Monday, June 13, 2016

The Dark Side of Richard Nixon and Henry Kissinger: Seymour Hersh Interview (1983)



Published on 13 Jul 2013
The term Watergate has come to encompass an array of clandestine and often illegal activities undertaken by members of the Nixon administration. Those activities included "dirty tricks" such as bugging the offices of political opponents and people of whom Nixon or his officials were suspicious. Nixon and his close aides ordered harassment of activist groups and political figures, using the FBI, CIA, and the Internal Revenue Service. The activities became known after five men were caught breaking into Democratic party headquarters at the Watergate complex in Washington, D.C. on June 17, 1972. The Washington Post picked up on the story; reporters Carl Bernstein and Bob Woodward relied on an informant known as "Deep Throat"—later revealed to be Mark Felt, associate director at the FBI—to link the men to the Nixon administration. Nixon downplayed the scandal as mere politics, calling news articles biased and misleading. As a series of revelations made it clear that Nixon aides had committed crimes in attempts to sabotage the Democrats and others, senior aides such as White House Counsel John Dean and Chief of Staff H. R. Haldeman faced prosecution.[104][194][195]

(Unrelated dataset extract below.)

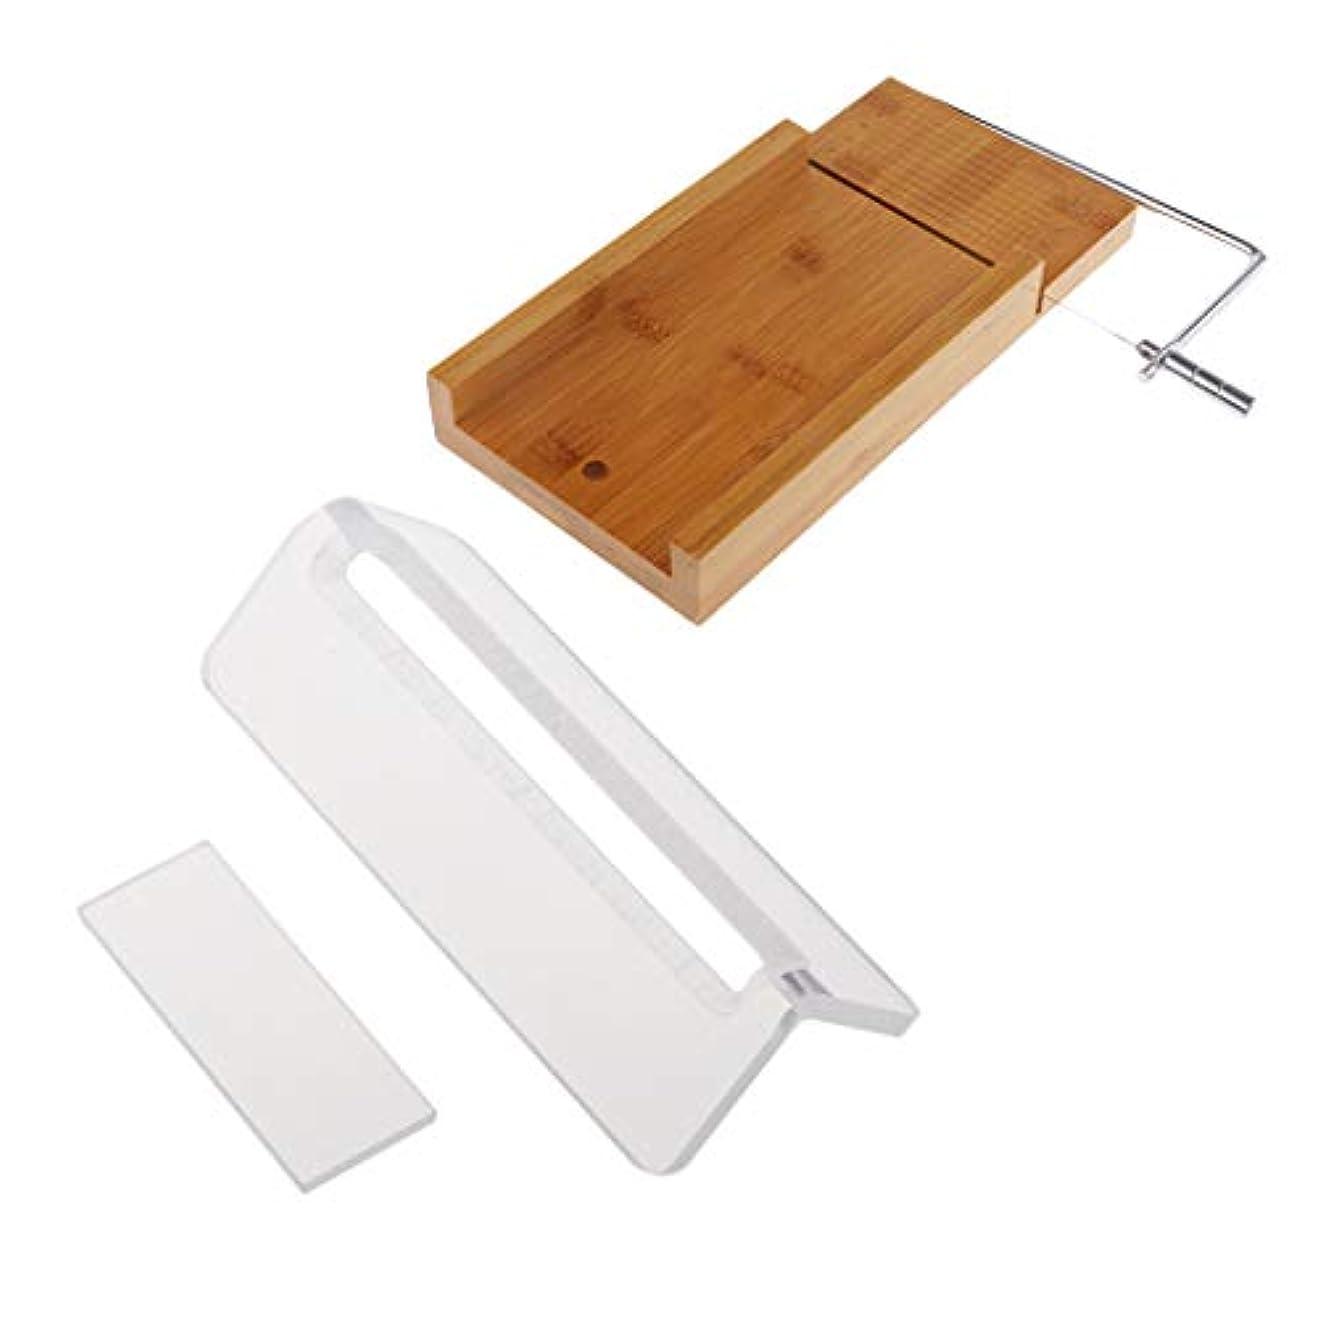 ペチュランスはさみ枝FLAMEER ローフカッター 木製 ソープ包丁 石鹸カッター 手作り石鹸 DIY キッチン用品 2個入り

In July 1973, White House aide Alexander Butterfield testified that Nixon had a secret taping system that recorded his conversations and phone calls in the Oval Office. These tapes were subpoenaed by Watergate Special Counsel Archibald Cox. Nixon refused to release them, citing executive privilege. With the White House and Cox at loggerheads, Nixon had Cox fired in October in the "Saturday Night Massacre"; he was replaced by Leon Jaworski. In November, Nixon's lawyers revealed that an audio tape of conversations, held in the White House on June 20, 1972, featured an 18½ minute gap.[195] Rose Mary Woods, the President's personal secretary, claimed responsibility for the gap, alleging that she had accidentally wiped the section while transcribing the tape, though her tale was widely mocked. The gap, while not conclusive proof of wrongdoing by the President, cast doubt on Nixon's statement that he had been unaware of the cover-up.[196]